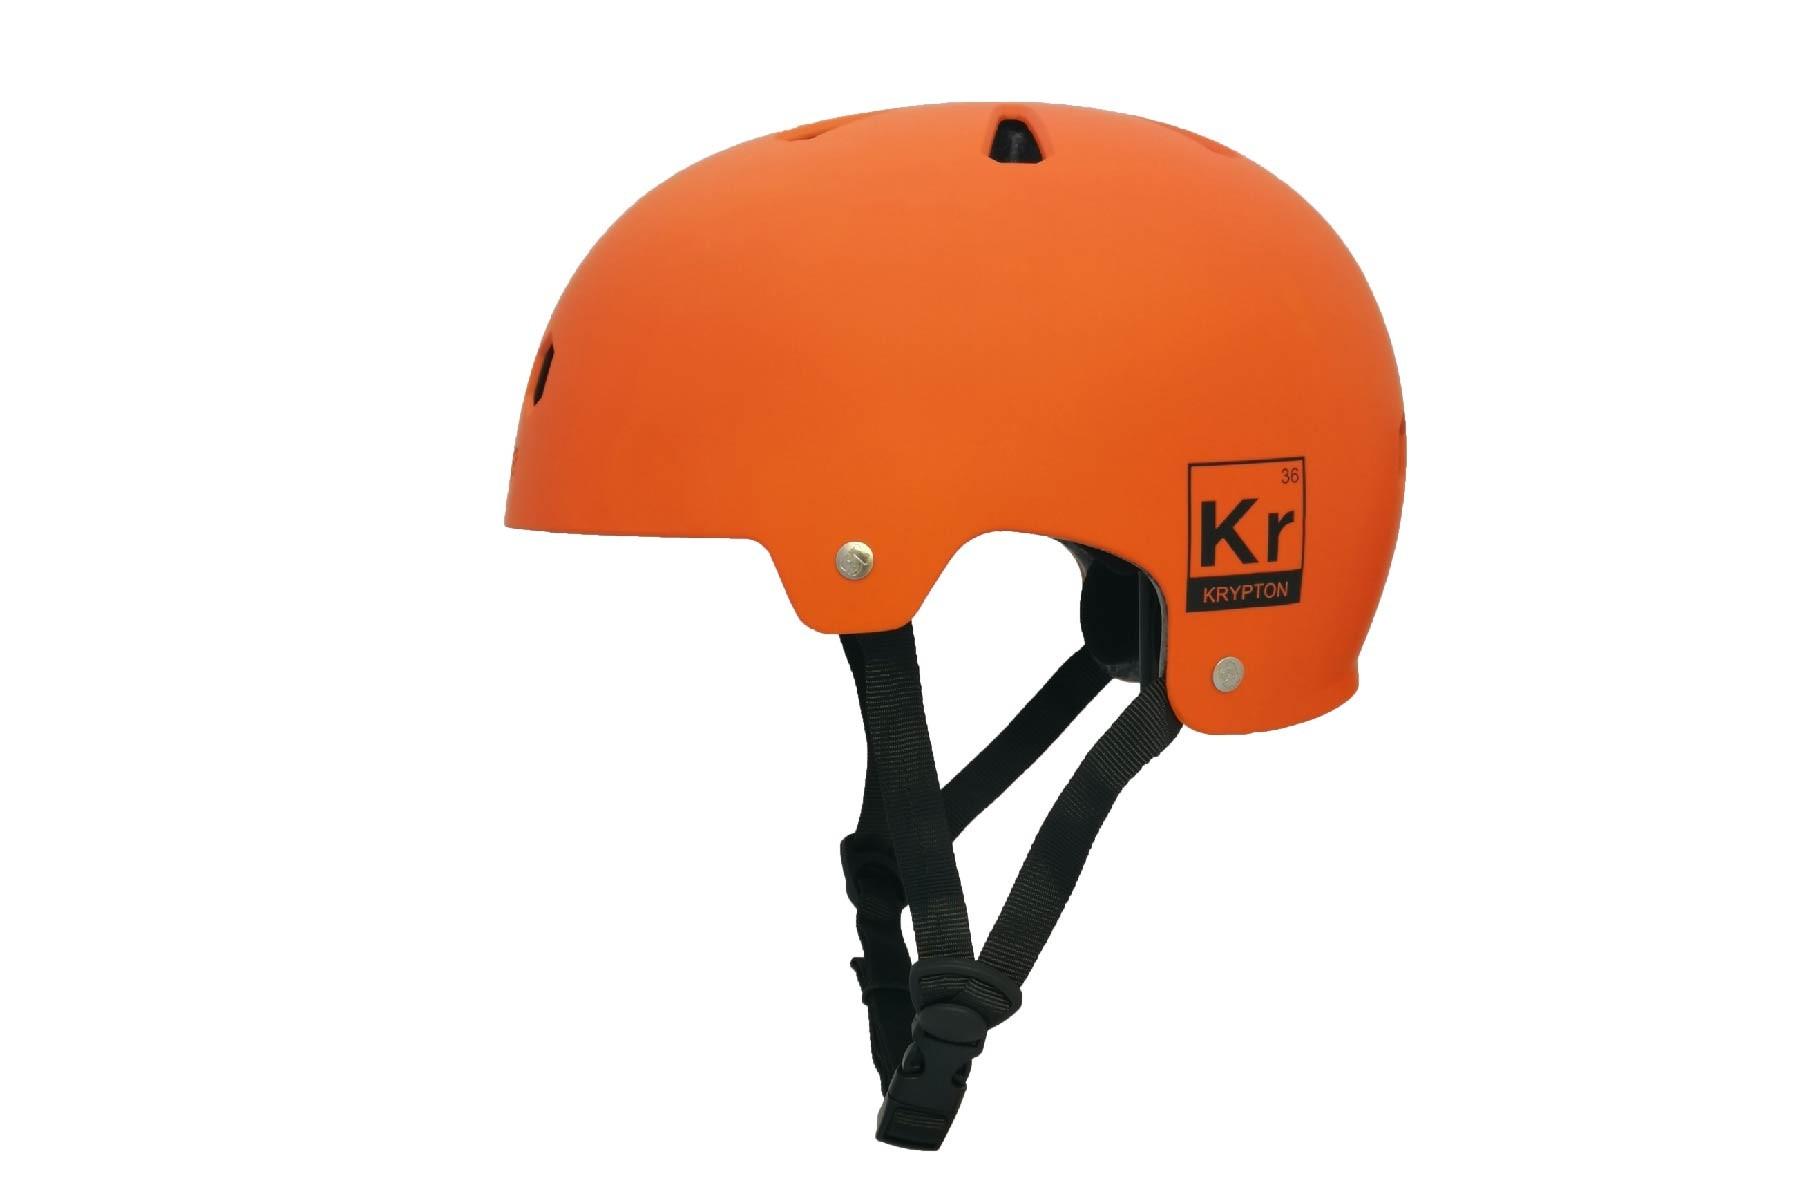 Casco Krypton Orange Black
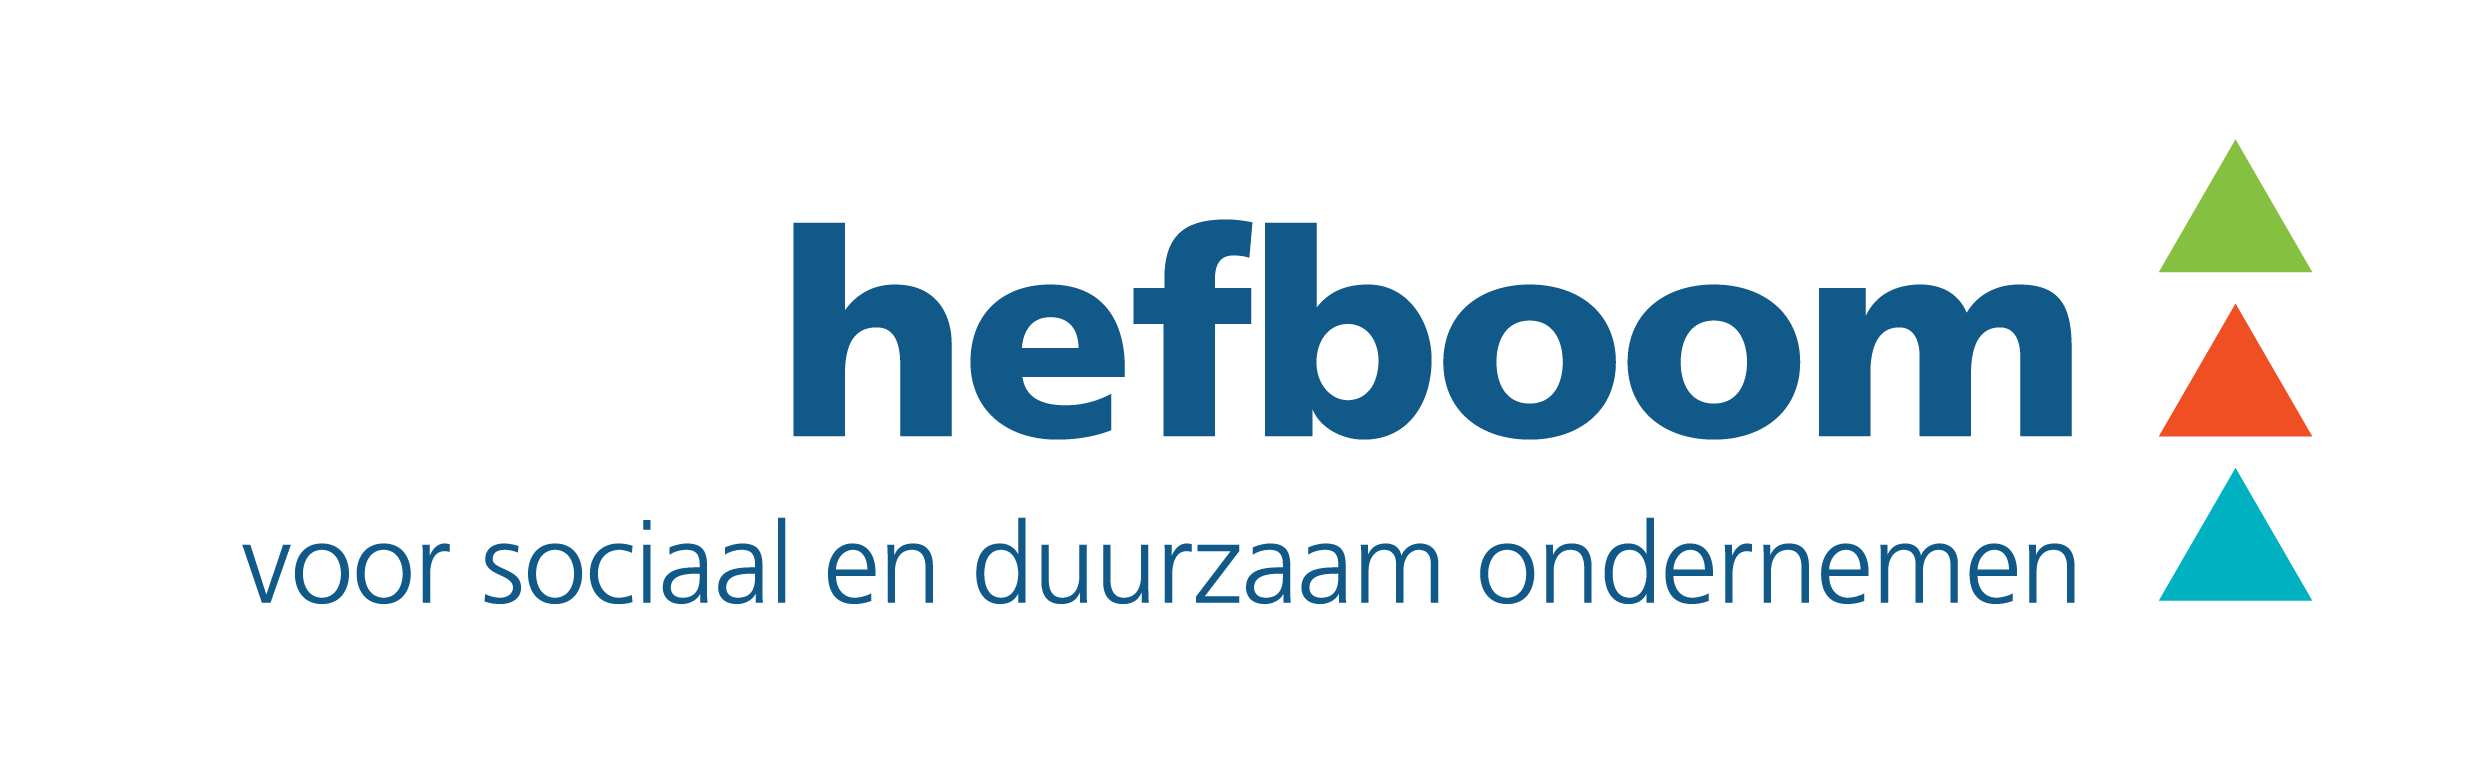 hefboom_logo_blauw-vert
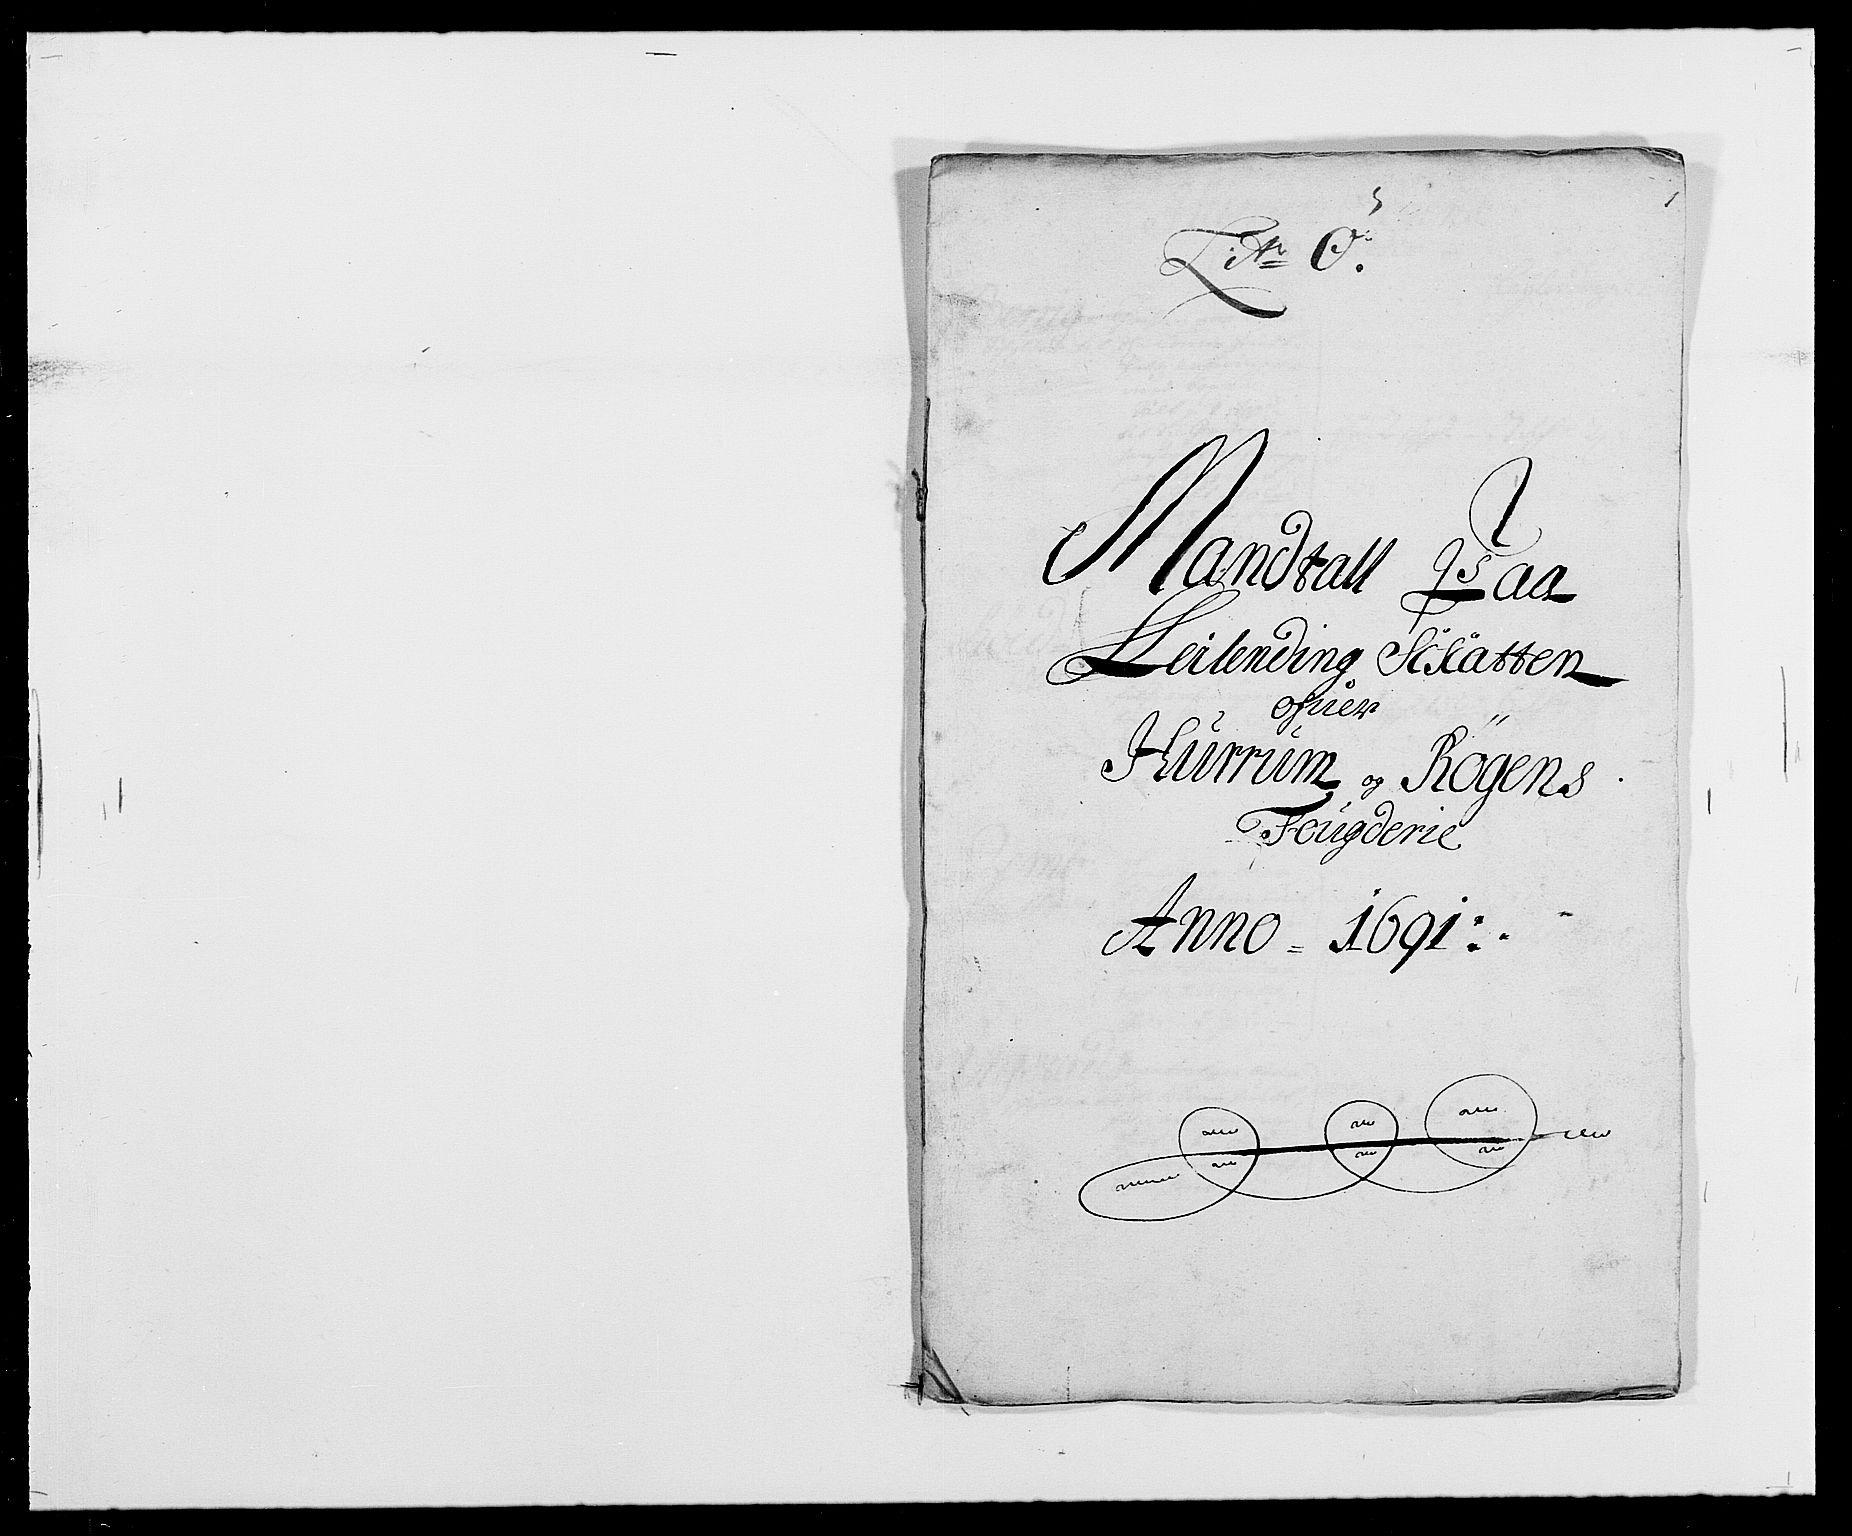 RA, Rentekammeret inntil 1814, Reviderte regnskaper, Fogderegnskap, R29/L1693: Fogderegnskap Hurum og Røyken, 1688-1693, s. 199

——————

Action item »
Transcribe the listing in full and omit the pictures.

Solution to the problem »
 Casco Krypton Orange Black
 hefboom_logo_blauw-vert
 RA, Rentekammeret inntil 1814, Reviderte regnskaper, Fogderegnskap, R29/L1693: Fogderegnskap Hurum og Røyken, 1688-1693, s. 199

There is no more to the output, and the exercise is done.